According to all the medical advice, like most things, it’s about balance. In 2018, the World Cancer Research Fund released its report ‘Diet, Nutrition, Physical Activity and Cancer: A Global Perspective’. In it, they recommend we eat a maximum of 500g of red meat per week. This tallies with the NHS recommendation of 70g per day. The World Cancer Research Fund also advises to completely avoid processed meats. This is because they find “convincing” evidence that processed and red meats are causes of bowel cancer.
People in wealthier countries often eat much more than this recommended amount and only one third of Britons eat their 5-a-day portions of vegetables and fruit.
So, in health terms, reduction of red meat and processed meats is beneficial to our overall health. But it is only one part of the picture.
But we don’t all want to be vegan
Co-author of the UKHACC report, Kristin Bash, told the Guardian that they weren’t suggesting everyone should become vegan, but “It’s just saying increase your consumption of plant protein.
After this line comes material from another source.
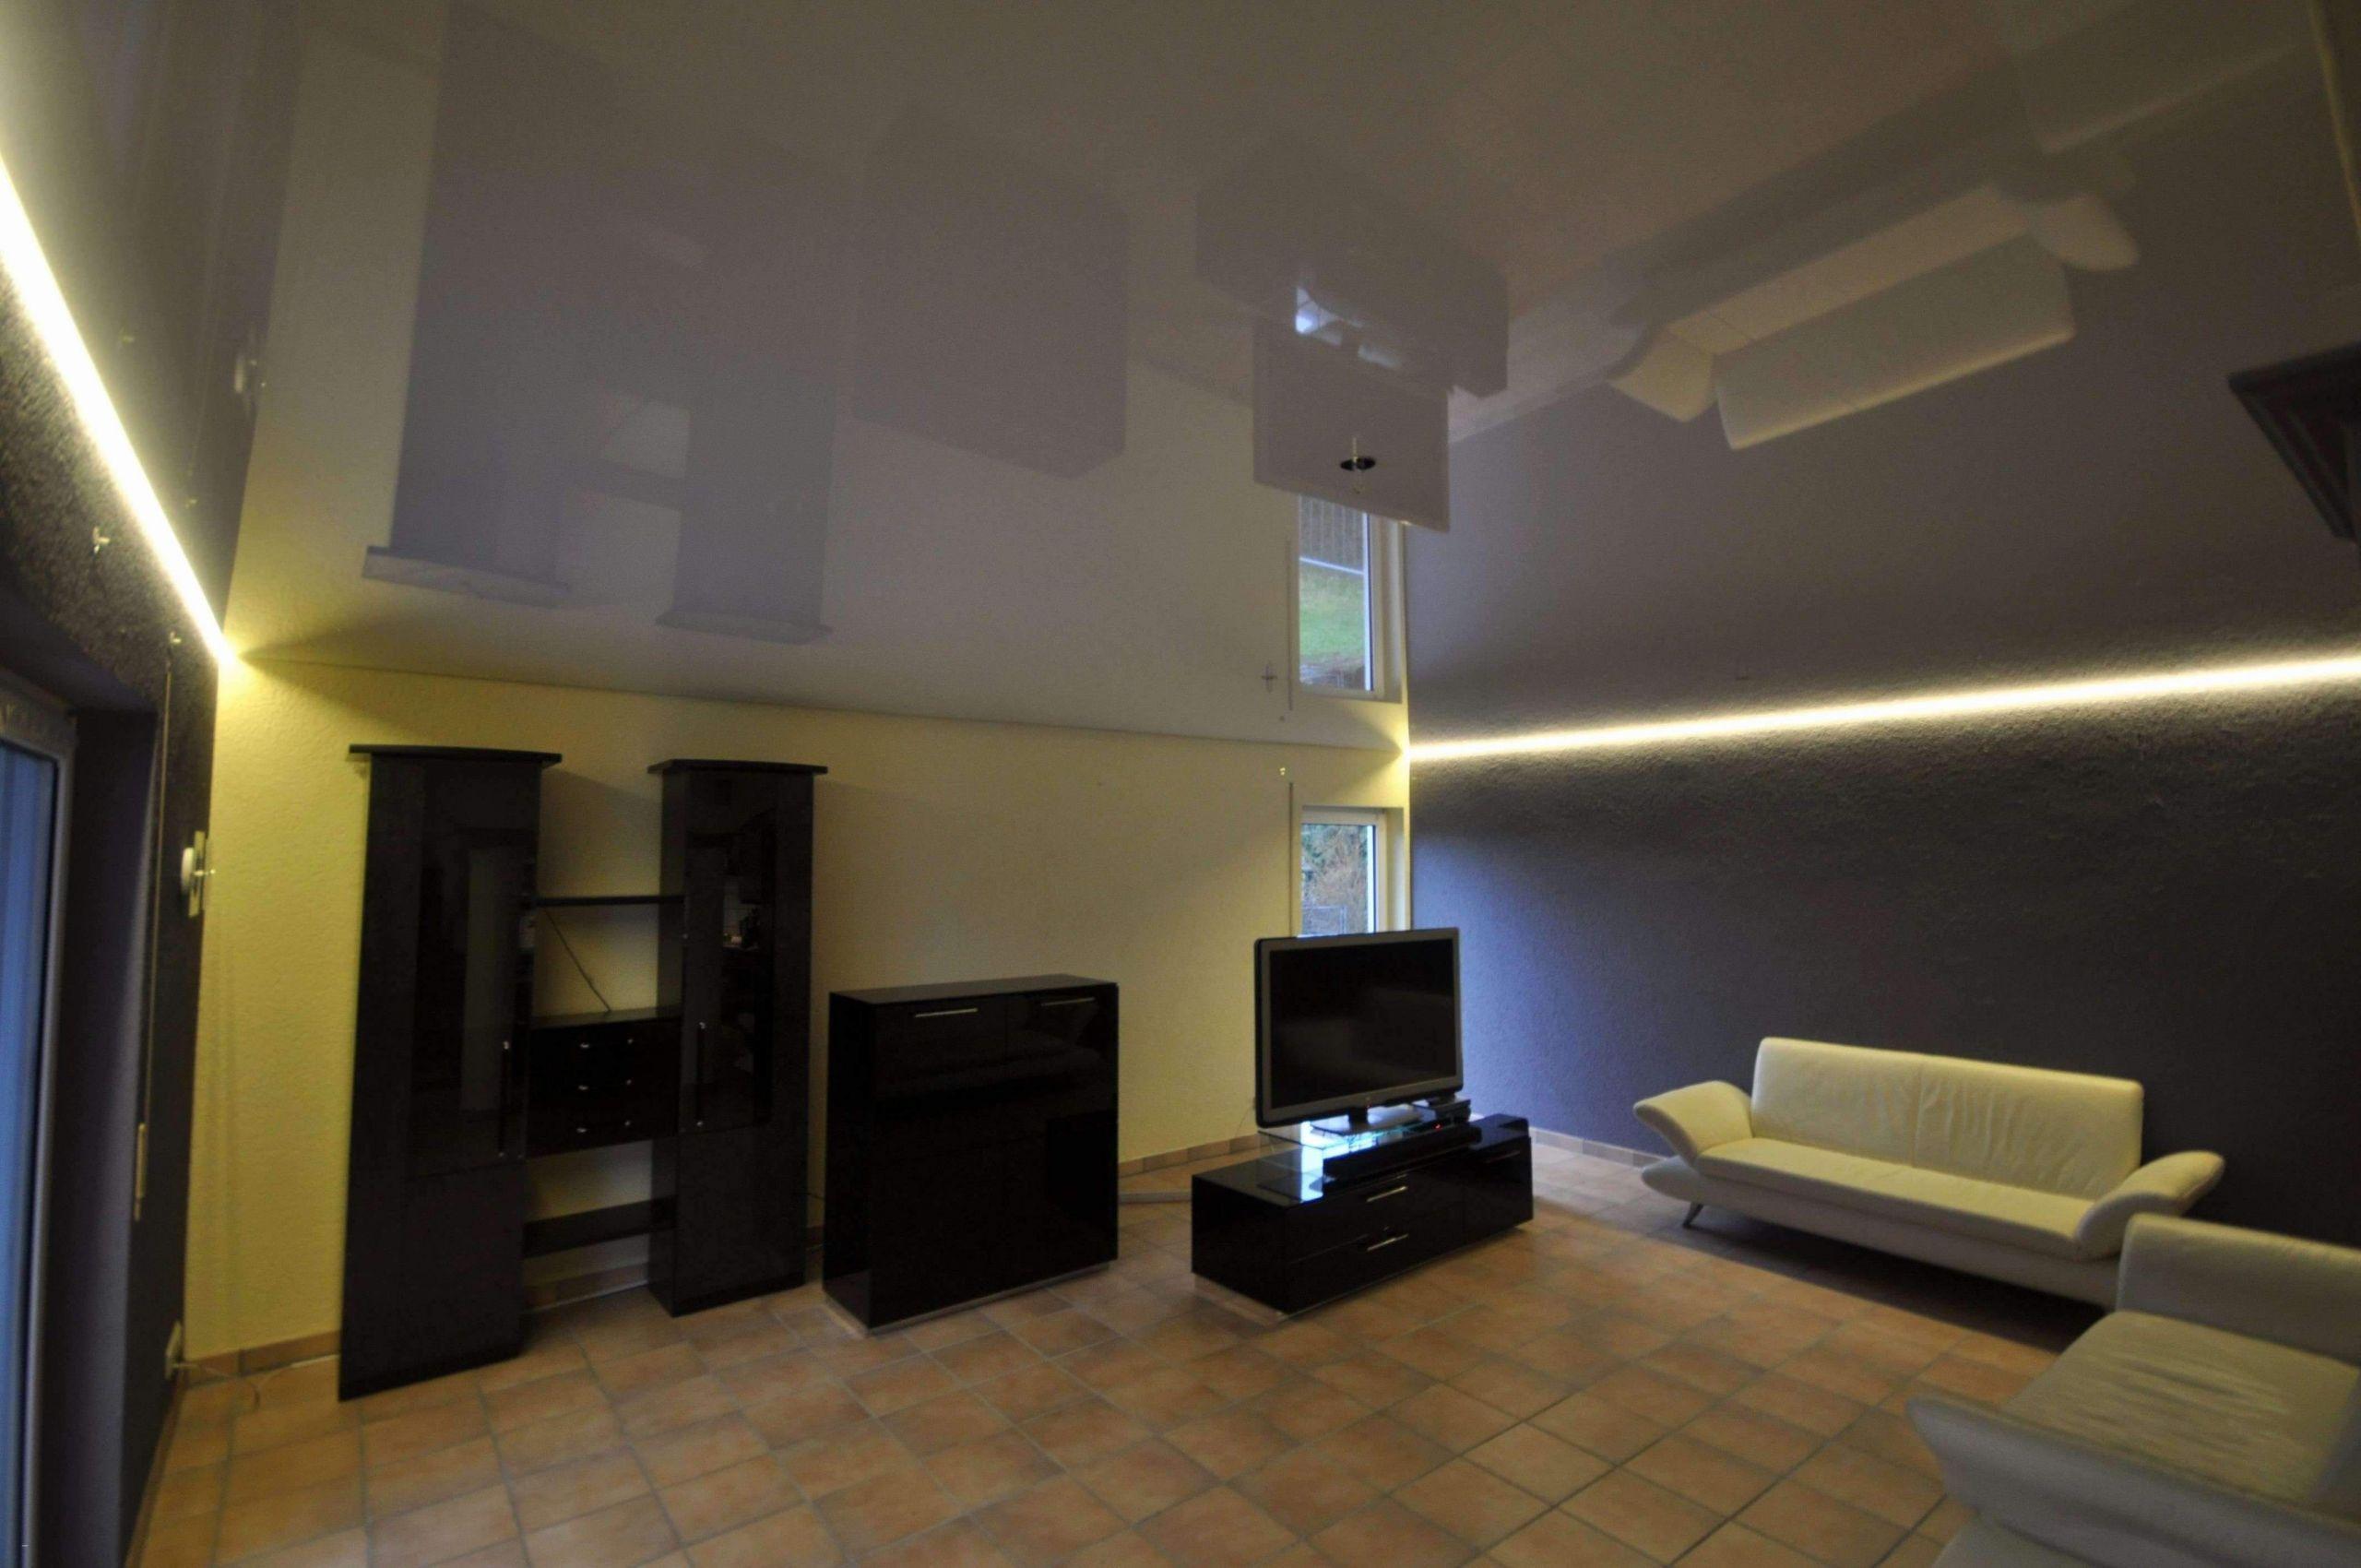 wohnzimmer gestalten tipps schon 59 tolle von wohnzimmer gestalten tipps design of wohnzimmer gestalten tipps

It’s a simple message and something that’s widely supported by health organisations around the world. We can’t reach our goals without addressing our food system. The climate crisis isn’t something we should see as far in the future. It’s time to take these issues seriously now.”
Obviously, while the scientific facts are pretty straightforward, the implementation of large-scale change will take negotiation and time. Time which the climate change emergency suggests we don’t have.
We’ll have to wait and see what the food industry, government and ourselves as consumers do to protect the health of the planet and ourselves.